In perhaps the most anticipated corporate deals in the telecom sector, CK Hutchison proposed to acquire Britain’s biggest mobile carrier O2 for $15 billion in 2015 and to merge with its 3 UK operations.
The proposal was rejected on antitrust concerns last year, but Li was quick to go for a plan B — merging its 3 Italia business with Wind Telecomunicazioni in a $24 billion deal, creating Italy’s largest mobile company with 31 million users.
As such, it should not be a surprise if Li does the same in Indonesia.
There is a pattern when Li buys telecom assets. In his previous acquisitions of CSL and Wind, as well as the failed attempt to buy O2, the tycoon concentrated on markets where he already has operations.
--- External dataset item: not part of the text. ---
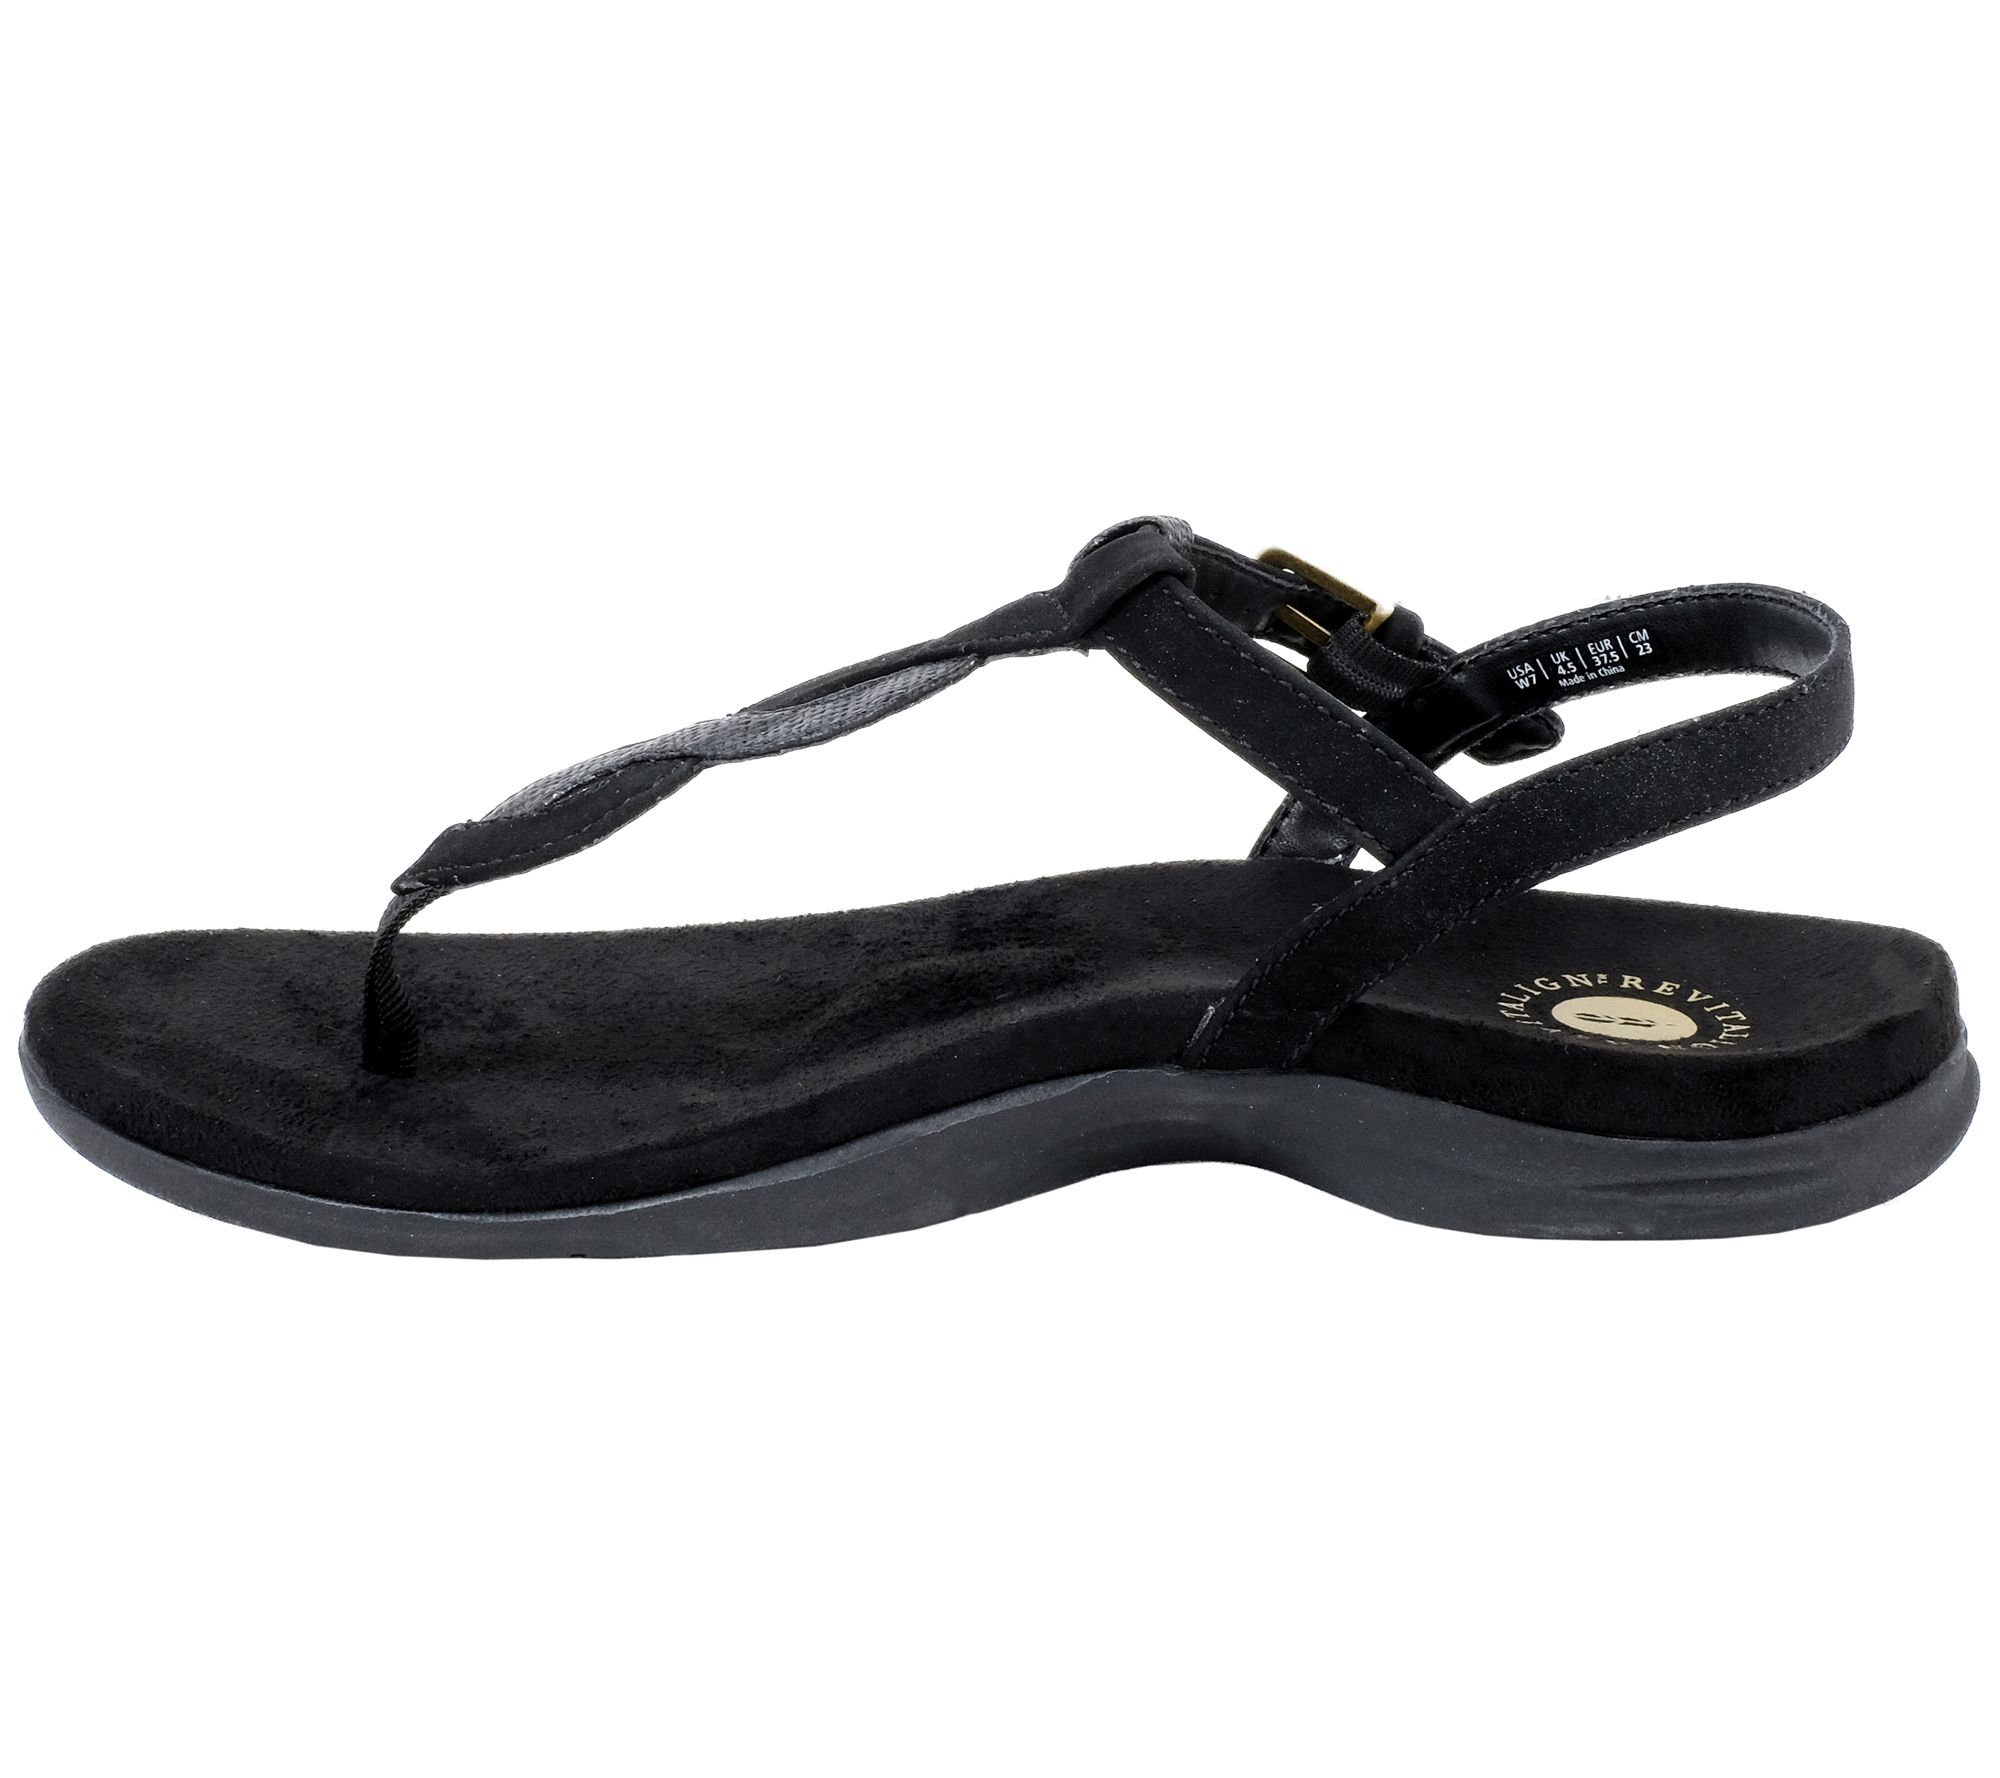 Revitalign Adjustable Orthotic Sandals - Heron-Bar - QVC.com

It is arguably the quickest way to expand market share in order to potentially benefit from pricing negotiations.
Hong Kong’s richest man is the owner of Hutchison 3 Indonesia, the country’s fourth largest mobile carrier, which he bought from Thailand’s Charoen Pokphand Group in 2007. The business is struggling to compete with larger players such as state-owned Telekom Indonesia and Indosat in terms of client reach.
Buying XL Axiata is the most direct way to help 3 Indonesia expand in the local market – a strategy that Li has used many times in other markets. Combining 3 Indonesia and XL Axiata will create the country’s second biggest mobile operator with close to 100 million users, or more than three times the subscriber base of CK Hutchison’s new business in Italy.
Li has also the financial ability to invest in telecom infrastructure and technology as per required by the Indonesian authorities.
And unlike the O2 bid, any approach on XL Axiata is unlikely to face material obstacles from antitrust regulators since the government is encouraging telecom mergers.
The one hurdle? Li is not known for investing in emerging markets. The tycoon has a clear preference for investing in developed markets such as Hong Kong, Australia and Europe, and most of his operations in developing markets remain small in scale.
In one of the most recent emerging market retreats, he sold 25% of his AS Watson retailing unit to Temasek for $6 billion in 2014. Watson runs 47 personal care stores across Greater Jakarta, West Java and Banten. In 2007, Hutchison Telecommunications (now CK Hutchison) sold its India telecom business to Vodafone and exited the world’s second populous nation.
But if he can get over his aversion to emerging markets, the deal could make a lot of sense for both parties.
What if… is a column that analyses unusual M&A ideas in Asia. These deals might not take place — but perhaps they should.